§ WORK ORDER: Give back, unaltered, the lines from the one with "Pulver und Blei, (HEAVEN" to the end of the material, omitting pictures.
===== RECORDED INFORMATION
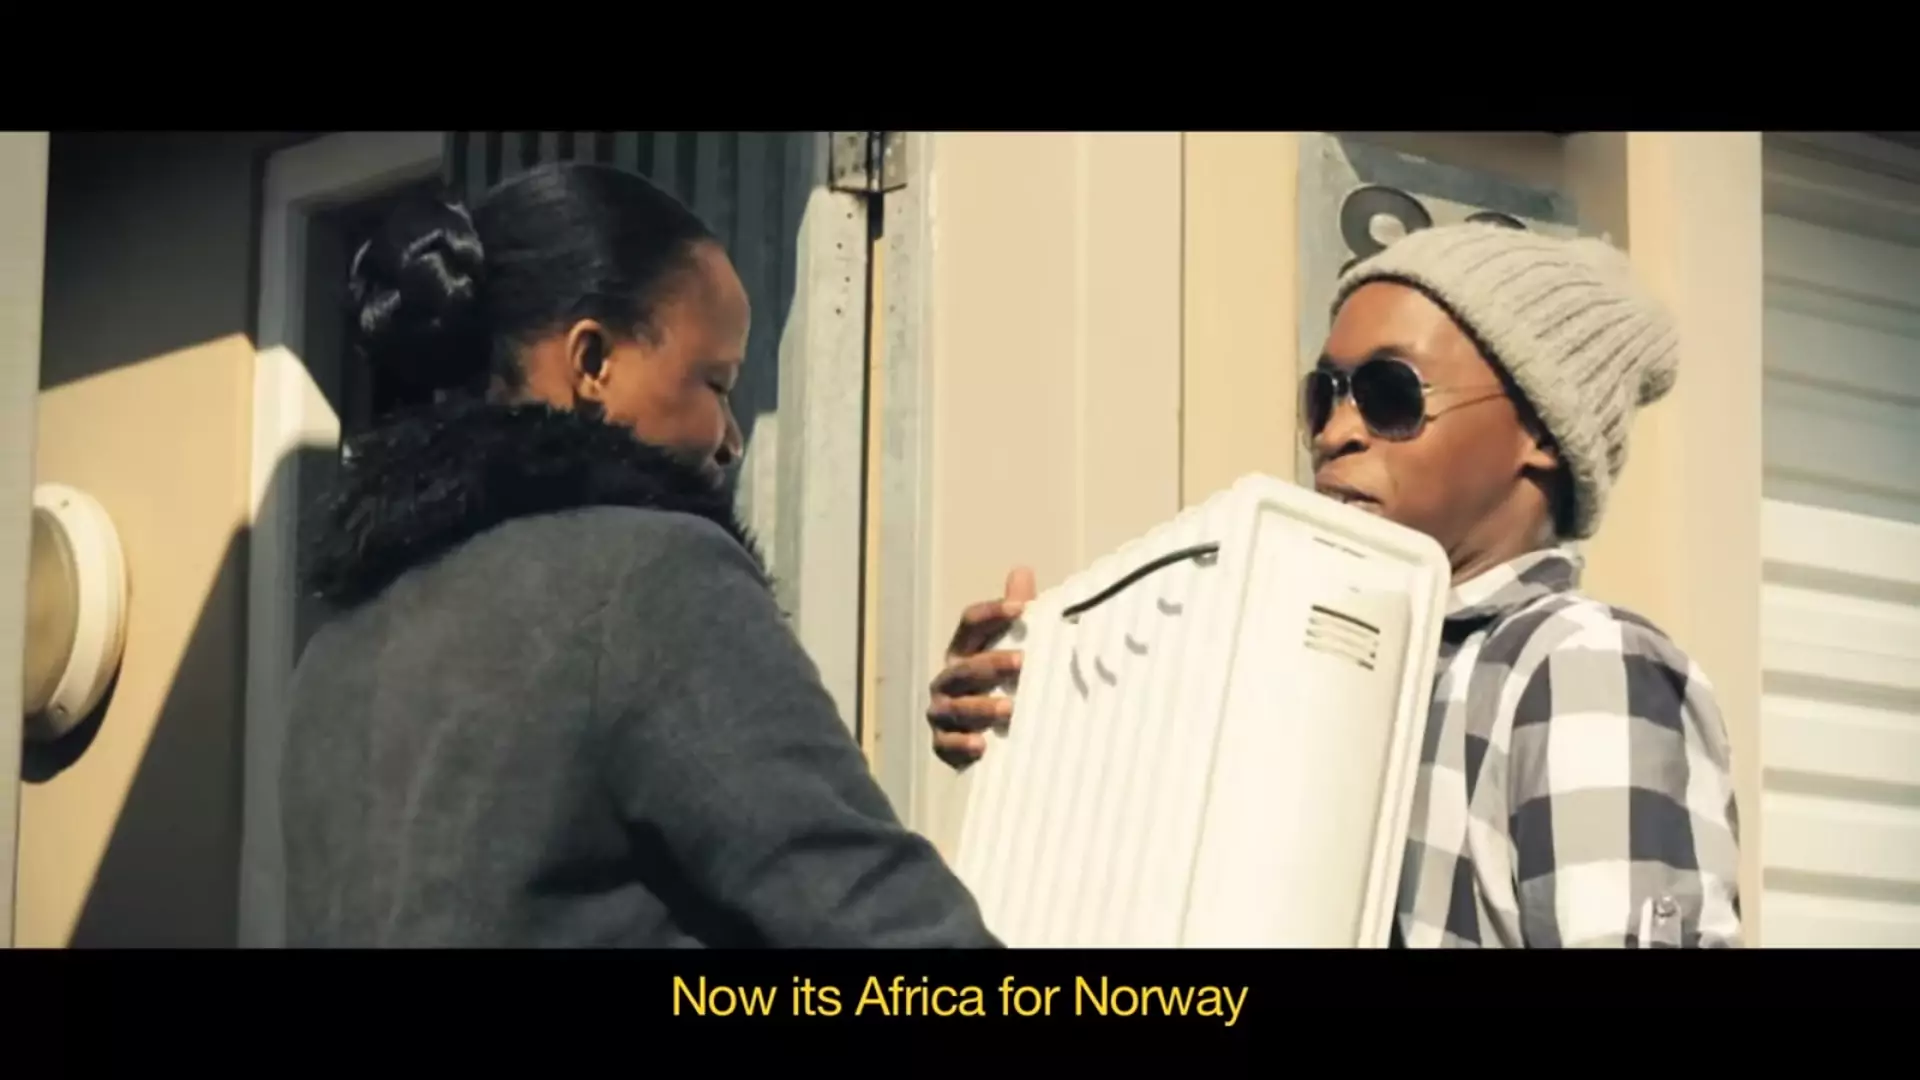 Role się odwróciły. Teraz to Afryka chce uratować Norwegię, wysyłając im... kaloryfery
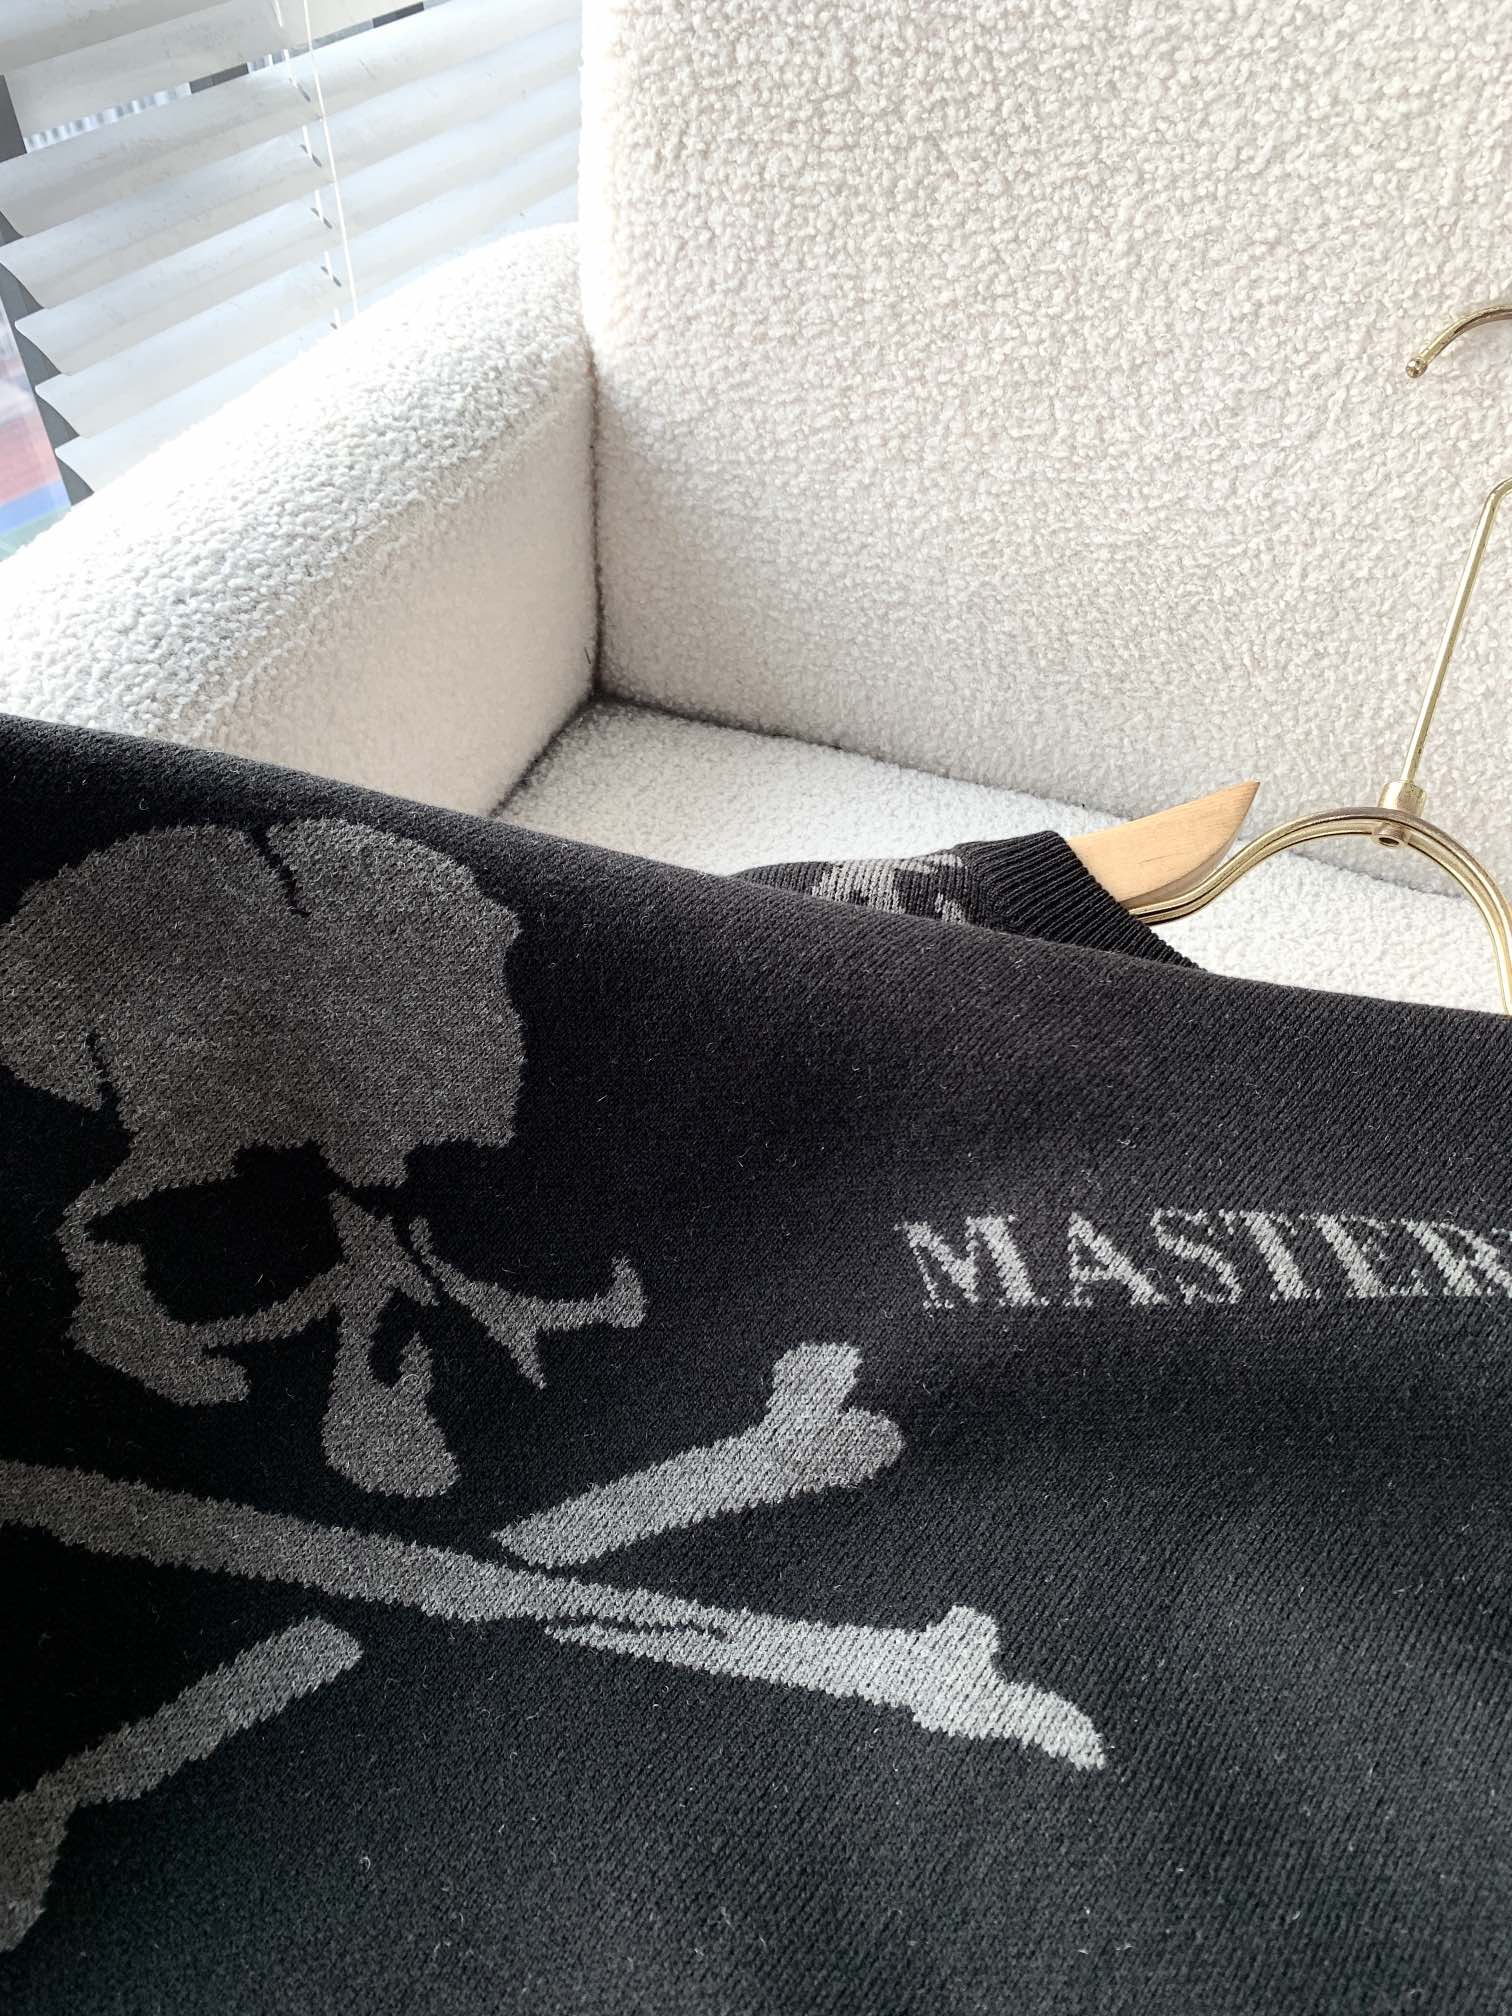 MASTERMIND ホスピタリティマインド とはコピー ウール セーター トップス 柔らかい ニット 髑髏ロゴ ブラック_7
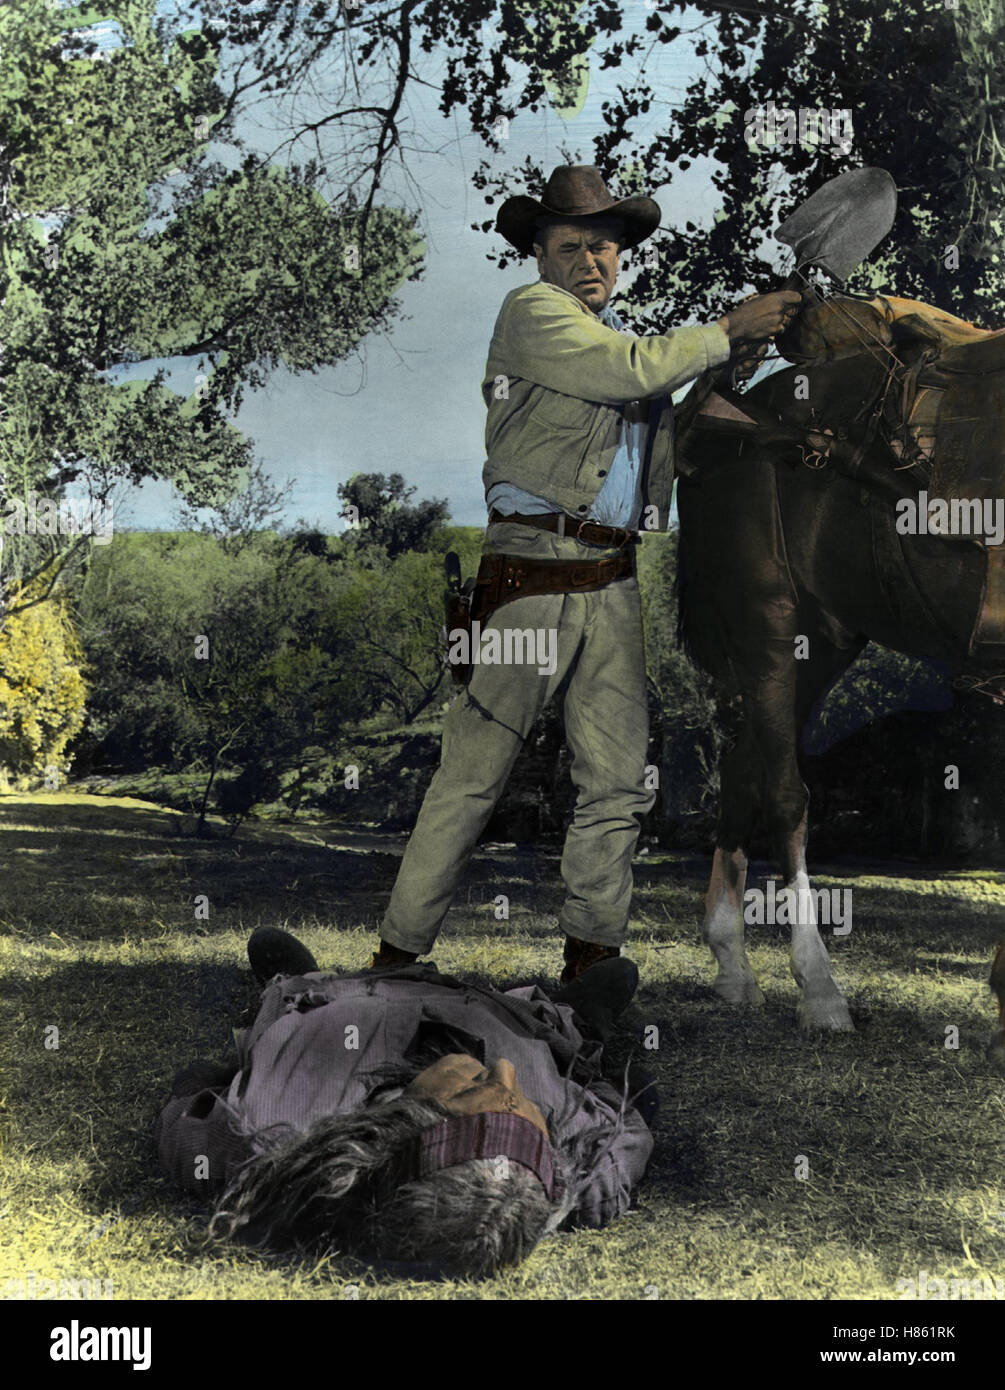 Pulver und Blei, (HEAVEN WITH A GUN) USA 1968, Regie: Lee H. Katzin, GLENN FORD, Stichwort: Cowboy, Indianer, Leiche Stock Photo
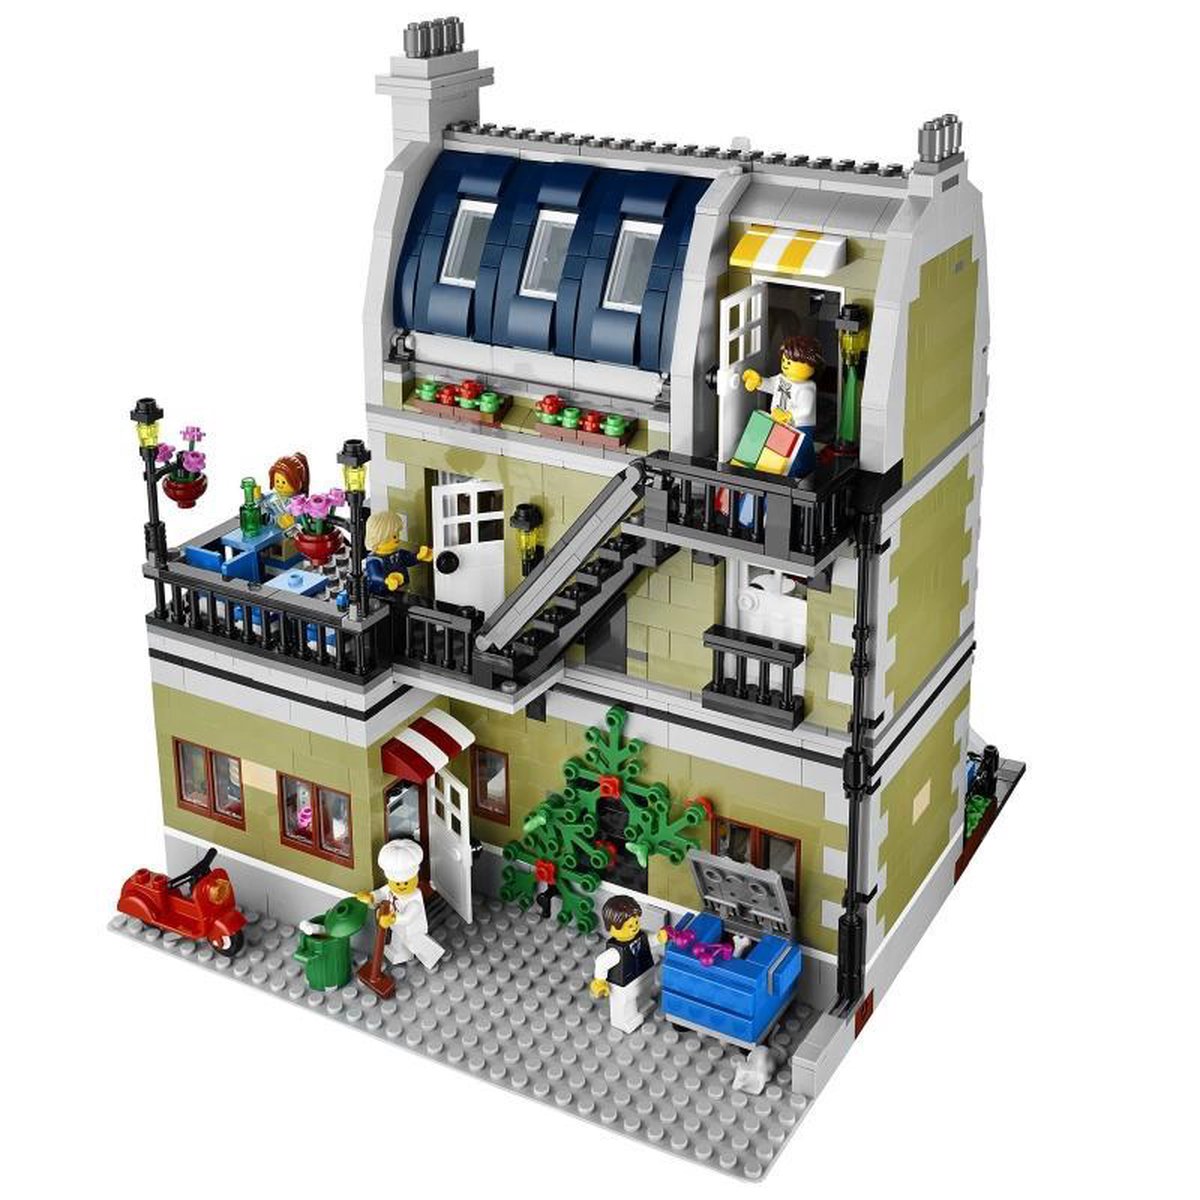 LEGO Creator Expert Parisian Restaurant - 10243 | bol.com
==========
§ FINISHED EXERCISE:
 Pulver und Blei, (HEAVEN WITH A GUN) USA 1968, Regie: Lee H. Katzin, GLENN FORD, Stichwort: Cowboy, Indianer, Leiche Stock Photo
 LEGO Creator Expert Parisian Restaurant - 10243 | bol.com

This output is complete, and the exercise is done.